I have had the pleasure of engineering and mixing a few recordings on 24 track 2” tape and applying Dolby B and S was a luxury you would be silly not to take advantage of. The quality of that sound isn’t something I’ll forget.
And home on the Nakamichi deck, all Dolby, all day. The Yammie amp took care of the make up gain and the dreaded hiss was gone.
On the school bus though it was worth flicking it off.
I still think the stereo image is a bit ‘altered’ to my ears and I can totally see how some people might seek out releases without it.
I used to love my tapes but hiss was enemy #1 behind a lot of problems. I’m loving the vinyl revival but feel no urge to drag out any old tapes, as cool as they may have been

Pölysormi:  Why is that AI so angry? 😄

Esteban Vega:  Or we could just use, idk, CD.

apmcd47:  Funny, really. I was told that "Dolby Noise Reduction" as found on cassette decks was for reducing tape hiss that I never really noticed unless I had the music so loud that the neighbours half a mile away were complaining about how loud I had it on! Seriously, though, I never could afford equipment with Type B and have never missed it. I had a sneaking suspicion that it was a con of some sort and would never have used it even if it was on a deck that I owned.

Terry Scanlan:  Who cares? I can't remember when I retired the last cassette deck. Isn't it 2000 something? Digital did not come soon enough.

Des Embrey:  Audio cassettes existed for one purpose only - convenience. They were a way to take the music of your choice with you, and you accepted the 'worse than AM radio' sound as a price you had to pay.

Benjamin Edwards:  My home deck is a harman-kardon hk400xm that does all 4 tape types with manual calibration facilities. Needless to say, it has Dolby Type B as well as HX Pro. I play these cassettes in my car because I drive a 1997. It sports a cassette player with Dolby and has been regularly cleaned and maintained by myself for 26 years. Friends and co-workers of mine get in my car, and they don't believe me when I tell them they're listening to a cassette. I have to eject the tape and prove it to them, and they are simply blown away by the sound quality. None of them knew cassettes could sound so good. This just goes to show that cassettes can sound absolutely amazing if you have proper equipment that has been maintained and that you know how to use correctly. Yes, Dolby absolutely does work. I've been proving it for decades.

Julio Cesar Pereira:  At first, I didn't know how to use Dolby B or C. But after I learned that you have to record with this feature to apply it on playback, it did work. And in fact improved the quality of high frequencies whenever I listened on some pocket stereo players. My last tape deck recorder had three heads and it meant I could monitor the recording in real time. And once, I bought a Sony Metal cassette tape. The first thing I noticed was that it allowed a much lounder recording. And as I listened to it in real time, I noticed the improvement such as much lower tape hiss. So in short, metal tapes allowed higher dynamic range and Doby C turned noise floor even lower, so tape his was dramatically attenuated. I was impressed when I found out that although the volume button of my pocket stereo was in "zero", the music was leaking to my headphones. The problem was that these tapes were very expensive and they shortened the lifespan of tape decks heads. So I returned to Chrome and Super Avilyn cassettes using Dolby B or not.

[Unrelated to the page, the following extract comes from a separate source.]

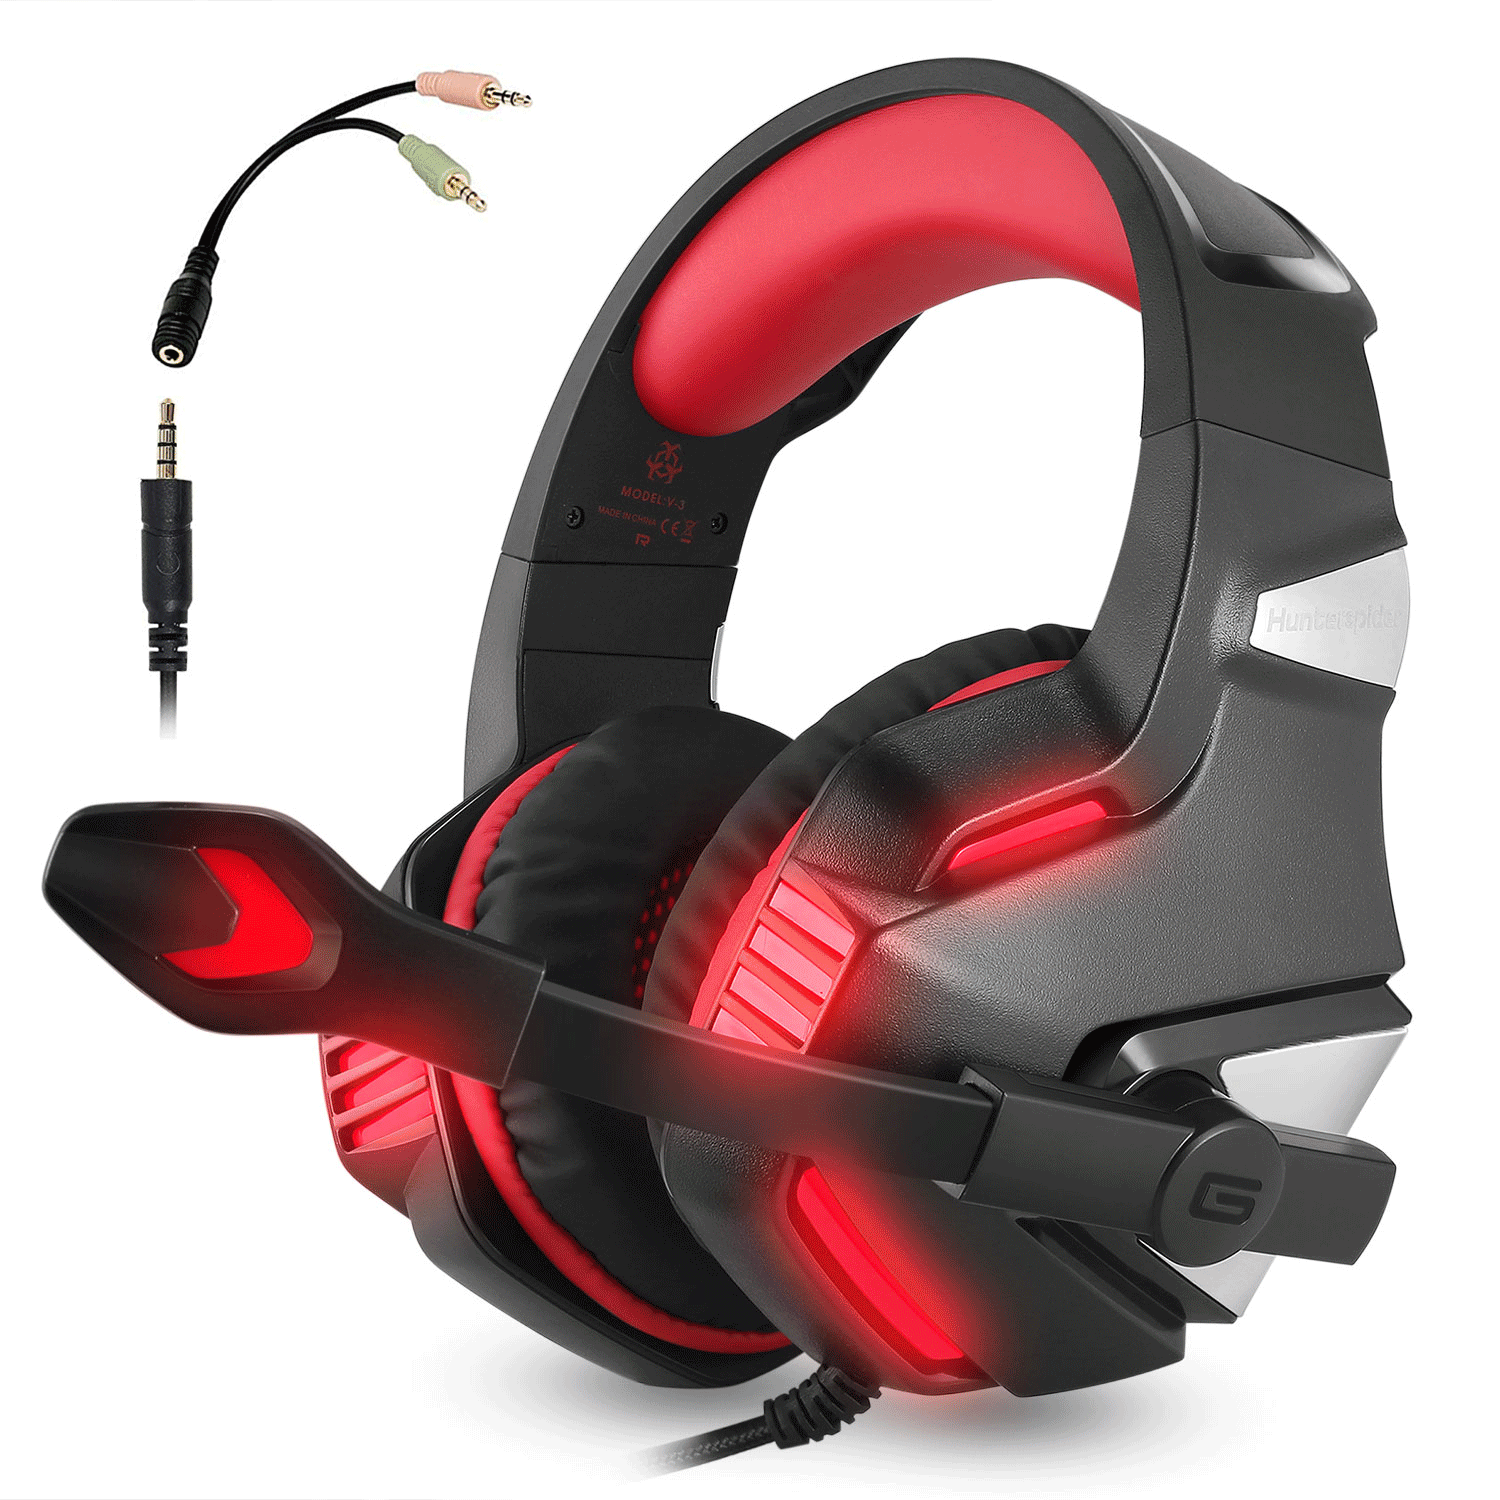 Good headsets for pc

j7ndominica0:  On my Aiwa Creator's Stereo, the level reads back at about 3 dB less. The sound seems slightly muffled and "digitally processed," similar to fft noise reduction that people often overuse. Since there are no test tones on cassette tapes, I wouldn't know how to align it. If a type I the tape is overdriven, it loses high frequencies, so Dolby would see a radicaly different level. I find the best recording level to be where the VU is barely kissing 0. Holes in the tape also get emphasized by Dolby.

The one-sided Dolby-HX works better and allows to maintain high frequencies at higher levels by reducing the bias.

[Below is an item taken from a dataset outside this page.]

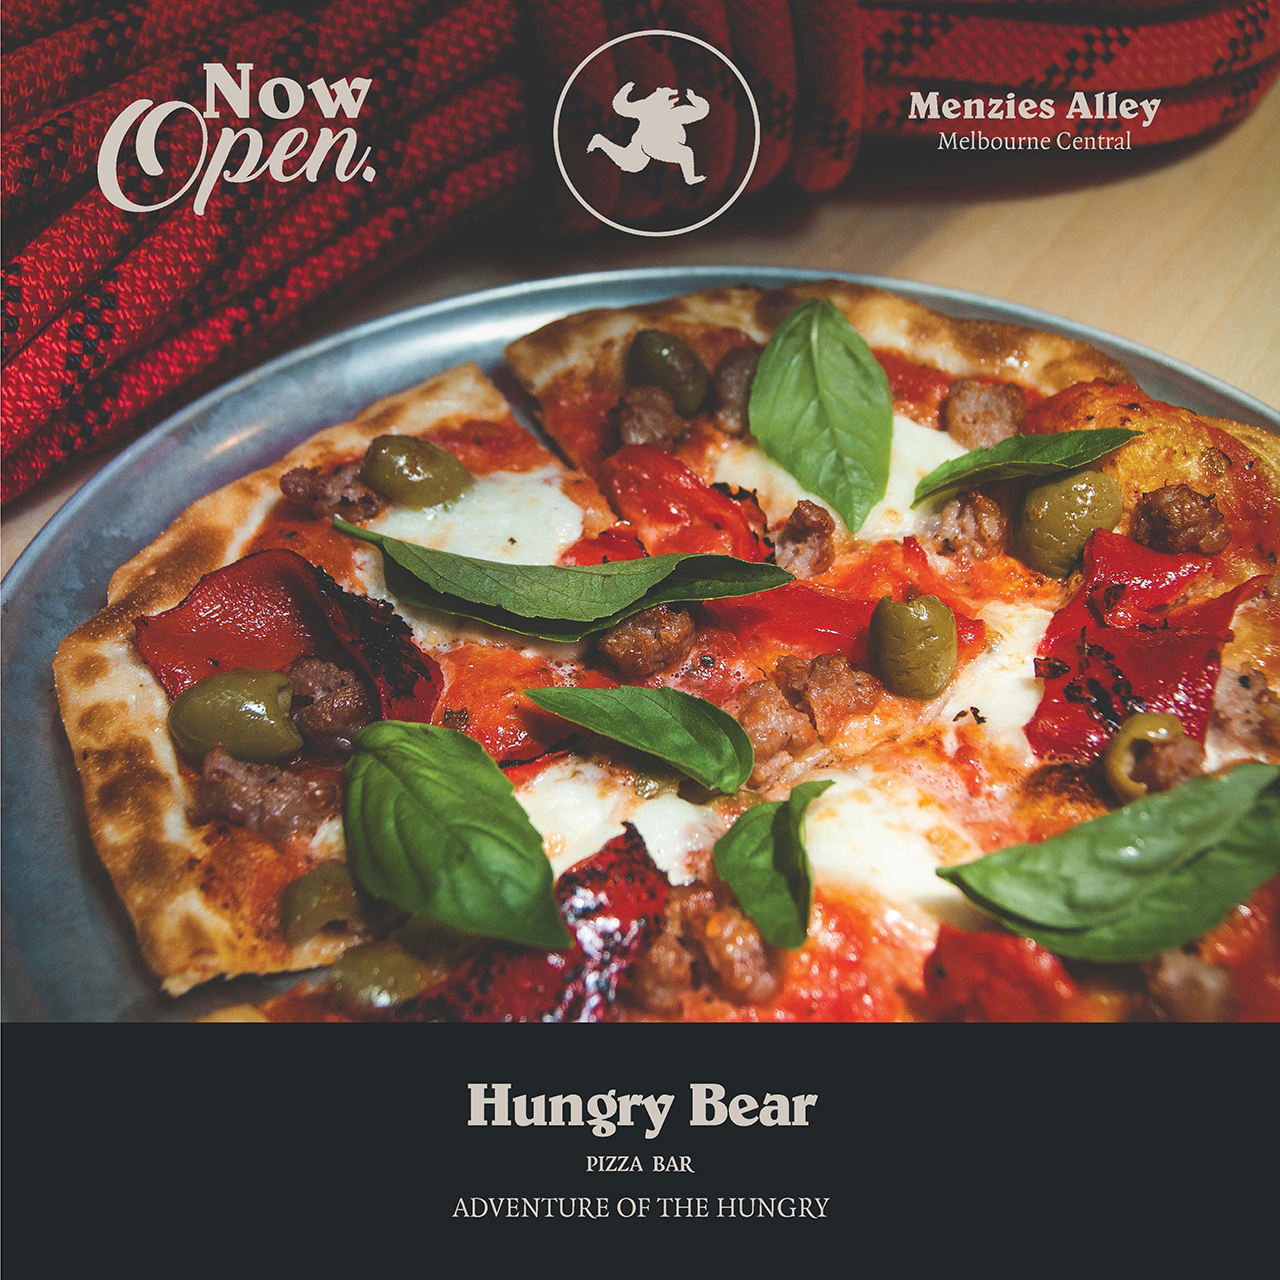 Hungry Bear is open

Tori:  Dolby B definitely helped. But you needed to tweak record and repro levels and bias for best results.

Audio Masterclass replies to Tori: Exactly so. DM

Grat Matassa:  i used dolby c mainly on normal tape & no dolby on chrome & metal worked well, hx pro helped as well

Brian F.:  If you had a good deck like a Nakamichi you could leave the Dolby button on during playback and still hear high frequencies and less hiss. That is because the Nak's can go to 20,000 Hz even with Type 1 tapes. If you had some inferior deck that only went to say 16,000 Hz you had to turn off Dolby to make the deck sound somewhat good.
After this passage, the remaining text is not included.